六哭嶺的秘密(中)


  其實整片山坡都光禿禿的。思兔閱讀sto55.com

  薛懷朔之所以會這麼問是因為另外兩個人一起停下了。

  「地圖顯示是在這兒。」高長生把手上的地圖展開,指給他看,「而且引藥鳥也停下來了。」

  他靠的有點近,超過了兩個彼此看不順眼的年輕人能夠接受的距離限度,薛懷朔默不作聲地往旁邊讓了半步。

  薛懷朔覺得有些奇怪。高長生的態度轉變實在有些太突兀了,他們上次見面的時候還恨不得干點什麼事順便把對方搞死,雖然現在無冤無仇,但是他態度這麼好……
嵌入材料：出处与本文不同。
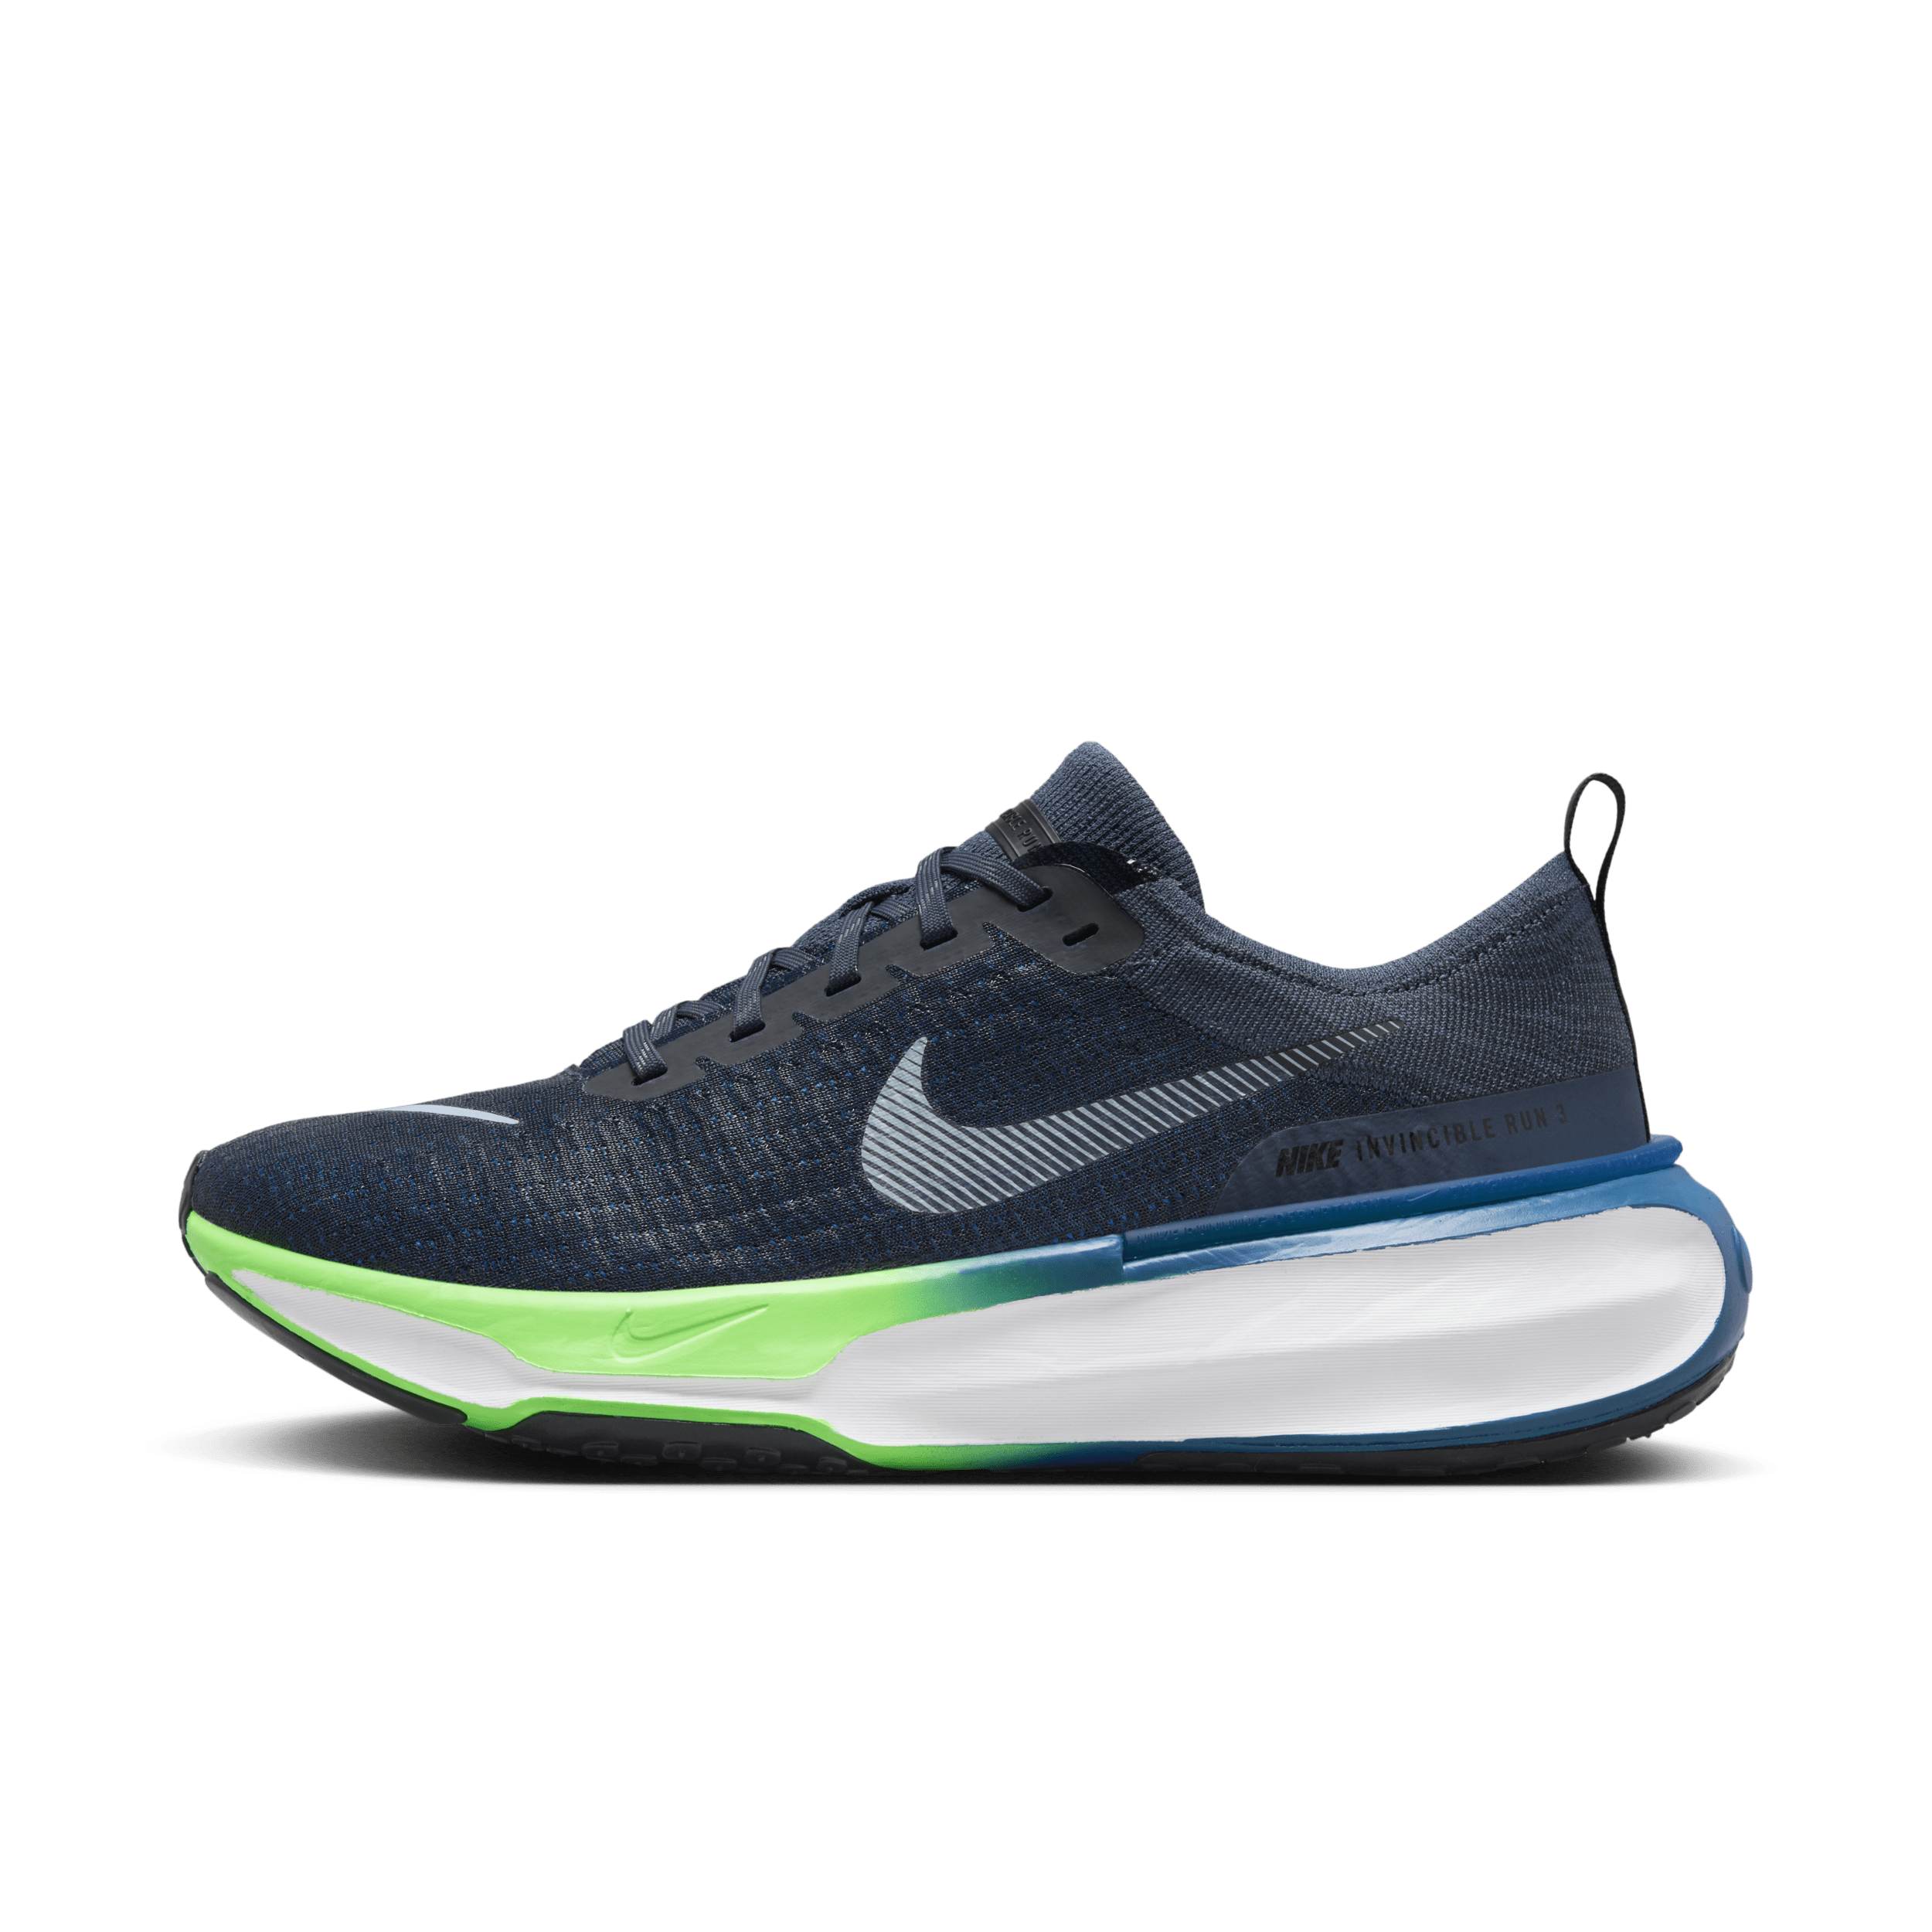 Nike Invincible 3 Zapatillas de running para asfalto - Hombre - Azul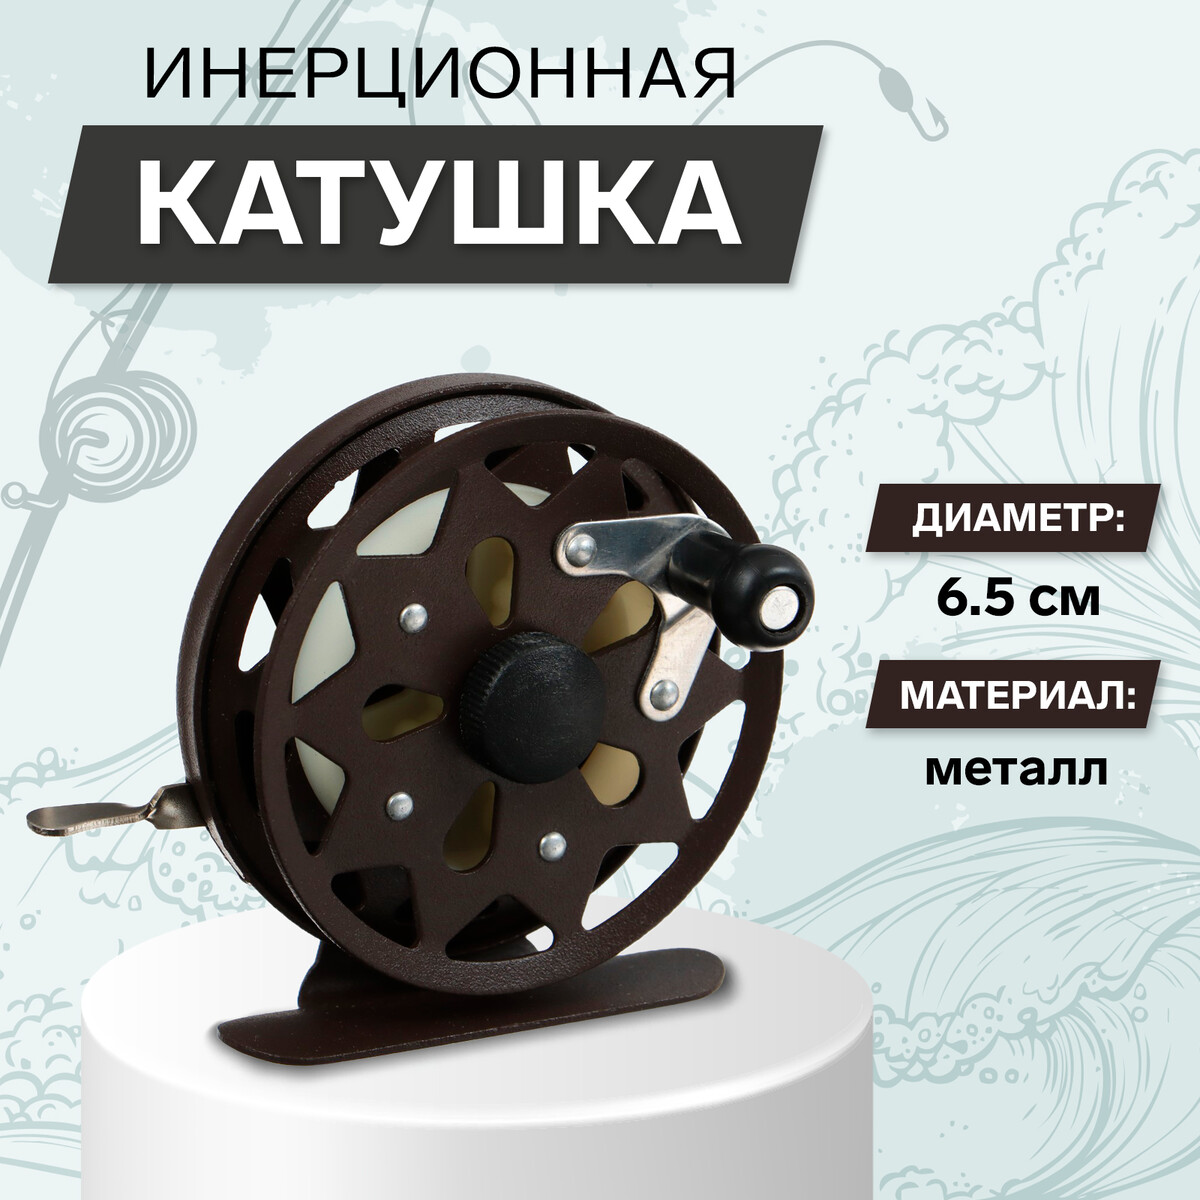 Катушка инерционная, металл, диаметр 6.5 см, цвет темно-коричневый,tl65

  高長生是個年輕人,而且是個頗有點心高氣傲的直男,這種發生在兩個普通直男間忽然的示好,只會讓另一方提高警惕琢磨著:這傢伙不會憋著什麼懷勁等著逼我叫他爸爸吧。

  「不過執明道長問的也對,」高長生繼續看著地圖思索:「這地方好像荒蕪了挺多年了。」

  薛懷朔掃了一眼眼前平平無奇的土坡,腦中想他們倆的交集不多:一個師妹,一個父輩。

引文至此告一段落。